My trip back to Cuenca was the same route but reversed. I took a bus to Guayaquil then another to Cuenca. It was a hectic, exhausting trip, that took a toll on me, and by the time I reached Cuenca, all I wanted is a nice hot meal and a warm place to sleep. I went to the same hostel where I left my luggage. This time they gave me a hole in the wall kinda of a room. It was all walls, no windows, and my neighbors were very noisy. I put my stuff, stayed in the room for a bit to regroup, and I had an impression that I got sick from this long ride on the bus. So I felt like having soup with a lot of lemon juice. I dragged my legs out of bed and went down in search for a decent place to eat. I found a small, and nice Italian food eatery beside my hotel. I went in ordered lentil soup and Lasagna. Both were very good, but I was very exhausted to finish either. I walked back to the hostel desperate for some rest. Unfortunately, my noisy neighbors made this mission almost impossible, as they kept talking, screaming, laughing hysterically, and playing till really late at night. I was too tired to go out of my room and scream my lungs out at them. So I slept anyway. I wake up at 5.30 on their noises again waking each other up, dragging their bags, calling each other in the hall. I was still in a haze between sleep and wakefulness. I decided to go to the washroom, and on my way maybe give them a piece of my mind. I couldn’t find any of them in the hall, so I went to the reception to complain, then back to my room.

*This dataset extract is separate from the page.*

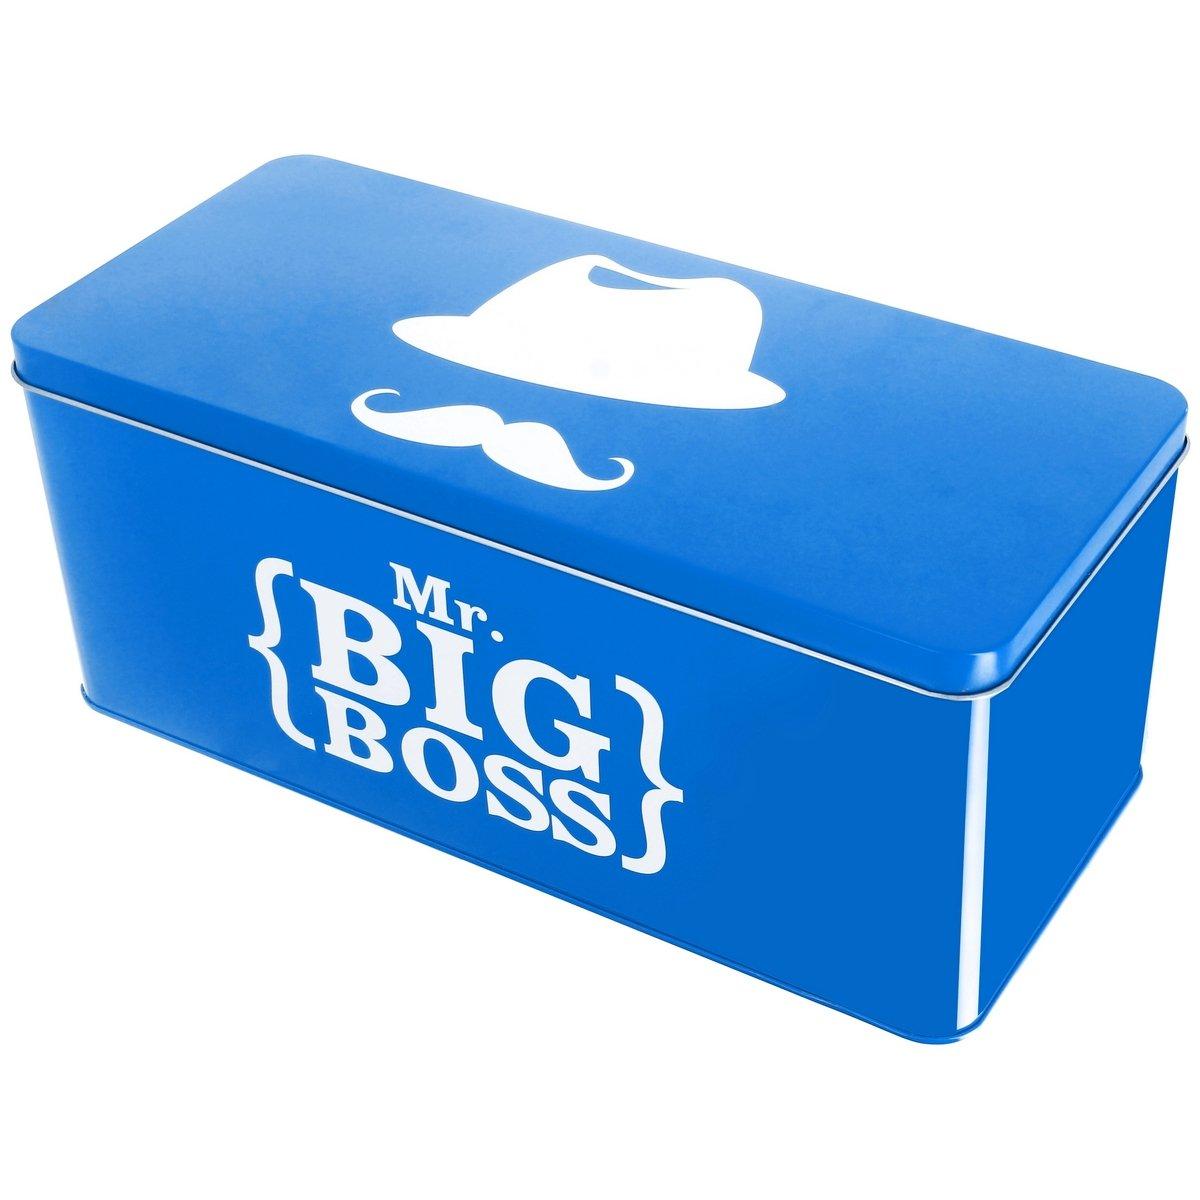 Promobo - recinto de almacenamiento (Metal, Monsieur Big Boss ideal farmacia documentos correo blanco: Amazon.es: Hogar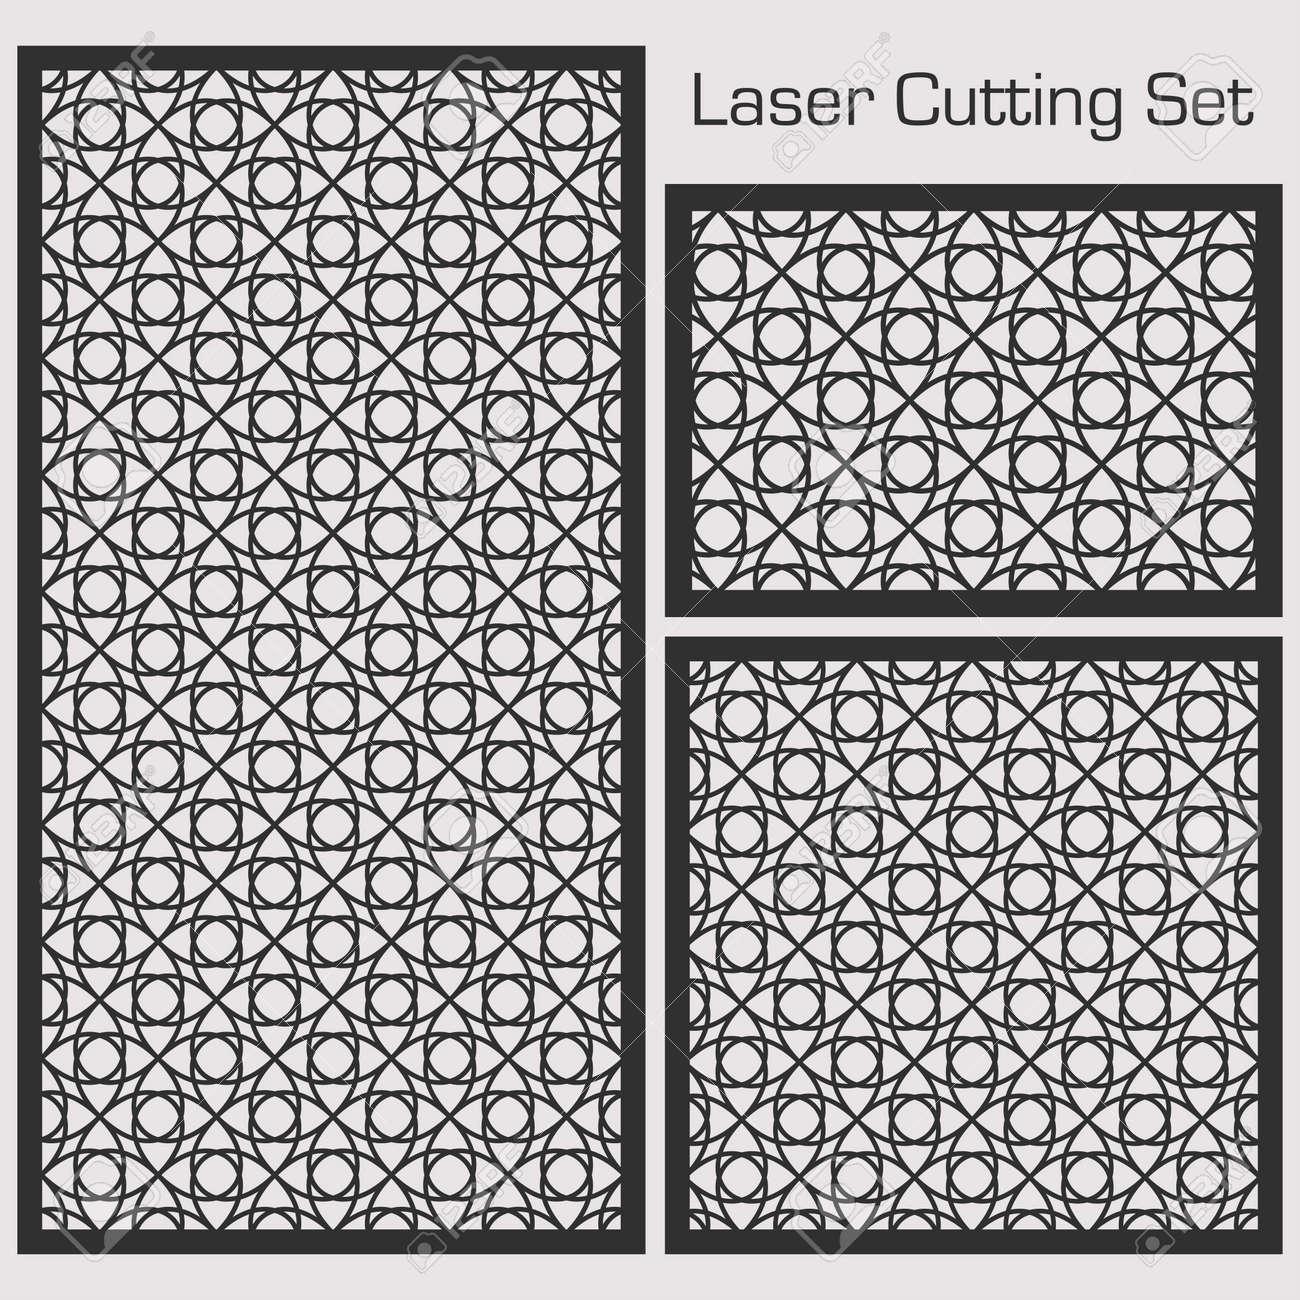 Ein Satz Dekorative Platten Fur Laserausschnitt Mit Einem Geometrischen Muster Fur Das Ausschneiden Des Papiers Des Holzes Des Metalls Lizenzfrei Nutzbare Vektorgrafiken Clip Arts Illustrationen Image 78780527

I slept again, and when I woke up, I felt better, but I was famished, and I wanted to have nice breakfast. My plane to Vancouver was leaving at 8 pm that night. So I have another whole day in Cuenca. I went rummaging around for some nice omelet, croissant, and cappuccino. I found my target, sat by a window nibbling on my breakfast, and practicing the art of watching people go by. My last activity was set on talking a two-hour walking tour in Cuenca with an English speaking guide, the weather was great, and the guide took us- a group of travelers- in the colorful, historic streets of Cuenca. It was the perfect way to get more acquainted with Cuenca, I know that we still don’t each other well enough, but at least I broke the ice.